**Task:** Find the lines below in which the string "siècle" occurs. Copy each one.

════════════════

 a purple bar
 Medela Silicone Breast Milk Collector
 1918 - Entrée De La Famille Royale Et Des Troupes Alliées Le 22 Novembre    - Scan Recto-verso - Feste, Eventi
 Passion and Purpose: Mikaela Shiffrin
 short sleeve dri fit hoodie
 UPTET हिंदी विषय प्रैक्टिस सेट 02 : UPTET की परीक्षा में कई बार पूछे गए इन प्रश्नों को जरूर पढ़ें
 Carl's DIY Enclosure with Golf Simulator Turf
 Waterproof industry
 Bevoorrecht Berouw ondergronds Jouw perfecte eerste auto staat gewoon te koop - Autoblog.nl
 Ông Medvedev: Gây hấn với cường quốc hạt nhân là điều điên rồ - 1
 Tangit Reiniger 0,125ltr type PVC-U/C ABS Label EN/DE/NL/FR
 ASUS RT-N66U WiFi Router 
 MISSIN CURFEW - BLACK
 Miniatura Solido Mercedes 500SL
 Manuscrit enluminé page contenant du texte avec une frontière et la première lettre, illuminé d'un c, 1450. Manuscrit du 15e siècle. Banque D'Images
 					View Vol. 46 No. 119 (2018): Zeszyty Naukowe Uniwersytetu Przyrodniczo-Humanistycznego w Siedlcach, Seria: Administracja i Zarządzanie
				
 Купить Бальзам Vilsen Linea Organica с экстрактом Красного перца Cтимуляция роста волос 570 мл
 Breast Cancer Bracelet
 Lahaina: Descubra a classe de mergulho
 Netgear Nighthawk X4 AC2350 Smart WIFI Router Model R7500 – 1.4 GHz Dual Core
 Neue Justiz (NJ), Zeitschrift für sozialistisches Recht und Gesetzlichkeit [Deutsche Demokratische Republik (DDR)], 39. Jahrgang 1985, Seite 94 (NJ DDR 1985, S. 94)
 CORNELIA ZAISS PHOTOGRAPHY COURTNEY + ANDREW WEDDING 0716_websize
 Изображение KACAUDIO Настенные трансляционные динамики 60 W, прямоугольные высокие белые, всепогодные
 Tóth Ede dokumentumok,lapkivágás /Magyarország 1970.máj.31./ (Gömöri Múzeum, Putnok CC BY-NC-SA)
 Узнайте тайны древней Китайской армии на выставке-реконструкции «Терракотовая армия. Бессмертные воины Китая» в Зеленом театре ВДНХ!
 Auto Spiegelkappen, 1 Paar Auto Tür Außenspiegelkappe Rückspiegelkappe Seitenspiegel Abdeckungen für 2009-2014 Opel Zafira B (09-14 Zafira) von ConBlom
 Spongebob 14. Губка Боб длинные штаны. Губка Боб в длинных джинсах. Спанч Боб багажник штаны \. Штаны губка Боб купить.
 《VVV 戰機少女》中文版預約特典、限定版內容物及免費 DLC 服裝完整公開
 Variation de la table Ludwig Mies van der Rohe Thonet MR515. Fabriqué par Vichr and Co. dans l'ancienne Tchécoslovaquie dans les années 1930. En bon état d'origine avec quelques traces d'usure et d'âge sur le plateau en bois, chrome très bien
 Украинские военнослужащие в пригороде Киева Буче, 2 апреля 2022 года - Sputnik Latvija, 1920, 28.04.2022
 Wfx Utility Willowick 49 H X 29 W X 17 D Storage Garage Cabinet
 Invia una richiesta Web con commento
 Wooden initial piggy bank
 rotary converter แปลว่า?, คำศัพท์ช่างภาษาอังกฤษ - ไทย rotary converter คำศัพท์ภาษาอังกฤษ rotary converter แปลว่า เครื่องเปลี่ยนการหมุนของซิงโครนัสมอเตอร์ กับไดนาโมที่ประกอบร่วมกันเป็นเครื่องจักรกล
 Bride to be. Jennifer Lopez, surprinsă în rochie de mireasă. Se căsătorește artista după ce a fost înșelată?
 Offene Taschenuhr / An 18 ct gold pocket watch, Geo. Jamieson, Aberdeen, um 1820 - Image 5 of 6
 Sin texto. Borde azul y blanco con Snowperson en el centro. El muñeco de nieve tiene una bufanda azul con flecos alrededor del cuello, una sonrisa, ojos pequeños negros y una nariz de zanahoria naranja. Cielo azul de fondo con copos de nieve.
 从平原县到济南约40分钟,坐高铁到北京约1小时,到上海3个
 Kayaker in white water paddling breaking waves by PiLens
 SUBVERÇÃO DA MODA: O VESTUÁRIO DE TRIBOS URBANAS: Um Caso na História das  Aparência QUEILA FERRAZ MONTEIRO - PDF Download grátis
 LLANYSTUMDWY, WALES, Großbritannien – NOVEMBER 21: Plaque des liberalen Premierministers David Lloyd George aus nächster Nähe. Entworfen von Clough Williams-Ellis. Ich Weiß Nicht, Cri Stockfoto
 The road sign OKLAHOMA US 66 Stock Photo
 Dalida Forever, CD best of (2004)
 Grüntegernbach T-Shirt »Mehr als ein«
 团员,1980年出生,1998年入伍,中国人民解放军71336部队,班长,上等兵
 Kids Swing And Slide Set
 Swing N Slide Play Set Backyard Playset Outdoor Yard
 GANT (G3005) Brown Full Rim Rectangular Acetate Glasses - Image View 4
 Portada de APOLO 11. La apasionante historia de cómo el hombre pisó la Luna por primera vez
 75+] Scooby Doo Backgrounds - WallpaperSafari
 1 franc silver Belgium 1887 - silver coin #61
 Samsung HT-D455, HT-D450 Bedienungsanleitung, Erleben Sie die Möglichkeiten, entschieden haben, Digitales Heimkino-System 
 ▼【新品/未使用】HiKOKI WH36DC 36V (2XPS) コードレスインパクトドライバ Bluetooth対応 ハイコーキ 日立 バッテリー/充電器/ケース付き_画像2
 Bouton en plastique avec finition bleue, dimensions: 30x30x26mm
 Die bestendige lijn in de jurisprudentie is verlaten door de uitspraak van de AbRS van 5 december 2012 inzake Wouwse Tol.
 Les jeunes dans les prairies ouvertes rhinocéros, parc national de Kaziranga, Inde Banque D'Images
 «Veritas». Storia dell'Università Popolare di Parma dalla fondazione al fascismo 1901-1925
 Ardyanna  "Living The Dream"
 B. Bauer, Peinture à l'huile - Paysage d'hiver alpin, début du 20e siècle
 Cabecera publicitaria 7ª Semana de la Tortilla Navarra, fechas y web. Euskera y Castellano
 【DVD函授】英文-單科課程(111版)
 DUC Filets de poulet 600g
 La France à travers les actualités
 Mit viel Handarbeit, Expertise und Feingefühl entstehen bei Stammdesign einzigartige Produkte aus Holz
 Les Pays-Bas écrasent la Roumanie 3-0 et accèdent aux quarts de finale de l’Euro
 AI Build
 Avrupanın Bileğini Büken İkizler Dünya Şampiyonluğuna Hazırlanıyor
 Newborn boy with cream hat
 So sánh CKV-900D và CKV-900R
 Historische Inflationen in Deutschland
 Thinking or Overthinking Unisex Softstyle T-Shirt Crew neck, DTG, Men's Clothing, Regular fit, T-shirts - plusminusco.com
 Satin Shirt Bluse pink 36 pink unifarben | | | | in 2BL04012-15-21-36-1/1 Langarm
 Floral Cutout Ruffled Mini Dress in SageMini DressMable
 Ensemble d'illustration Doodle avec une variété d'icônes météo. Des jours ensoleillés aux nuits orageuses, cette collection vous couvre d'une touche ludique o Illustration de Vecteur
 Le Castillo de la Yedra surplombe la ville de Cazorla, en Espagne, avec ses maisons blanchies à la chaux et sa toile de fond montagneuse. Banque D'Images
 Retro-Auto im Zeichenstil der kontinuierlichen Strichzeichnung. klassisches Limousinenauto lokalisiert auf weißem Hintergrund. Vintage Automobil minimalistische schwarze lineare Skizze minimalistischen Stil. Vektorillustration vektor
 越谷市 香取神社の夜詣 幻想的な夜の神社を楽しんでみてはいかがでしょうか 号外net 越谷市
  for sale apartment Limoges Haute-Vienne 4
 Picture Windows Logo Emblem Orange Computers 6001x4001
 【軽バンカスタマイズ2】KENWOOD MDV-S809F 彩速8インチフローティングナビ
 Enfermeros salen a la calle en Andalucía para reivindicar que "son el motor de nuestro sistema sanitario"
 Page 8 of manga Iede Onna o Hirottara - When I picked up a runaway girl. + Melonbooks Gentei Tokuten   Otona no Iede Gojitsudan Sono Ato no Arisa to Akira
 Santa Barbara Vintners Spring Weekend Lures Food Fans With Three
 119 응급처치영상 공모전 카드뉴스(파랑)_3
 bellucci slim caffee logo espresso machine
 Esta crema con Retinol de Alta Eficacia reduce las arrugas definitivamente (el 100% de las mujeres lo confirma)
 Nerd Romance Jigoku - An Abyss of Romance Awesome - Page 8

════════════════

**Response:**
 Manuscrit enluminé page contenant du texte avec une frontière et la première lettre, illuminé d'un c, 1450. Manuscrit du 15e siècle. Banque D'Images
 B. Bauer, Peinture à l'huile - Paysage d'hiver alpin, début du 20e siècle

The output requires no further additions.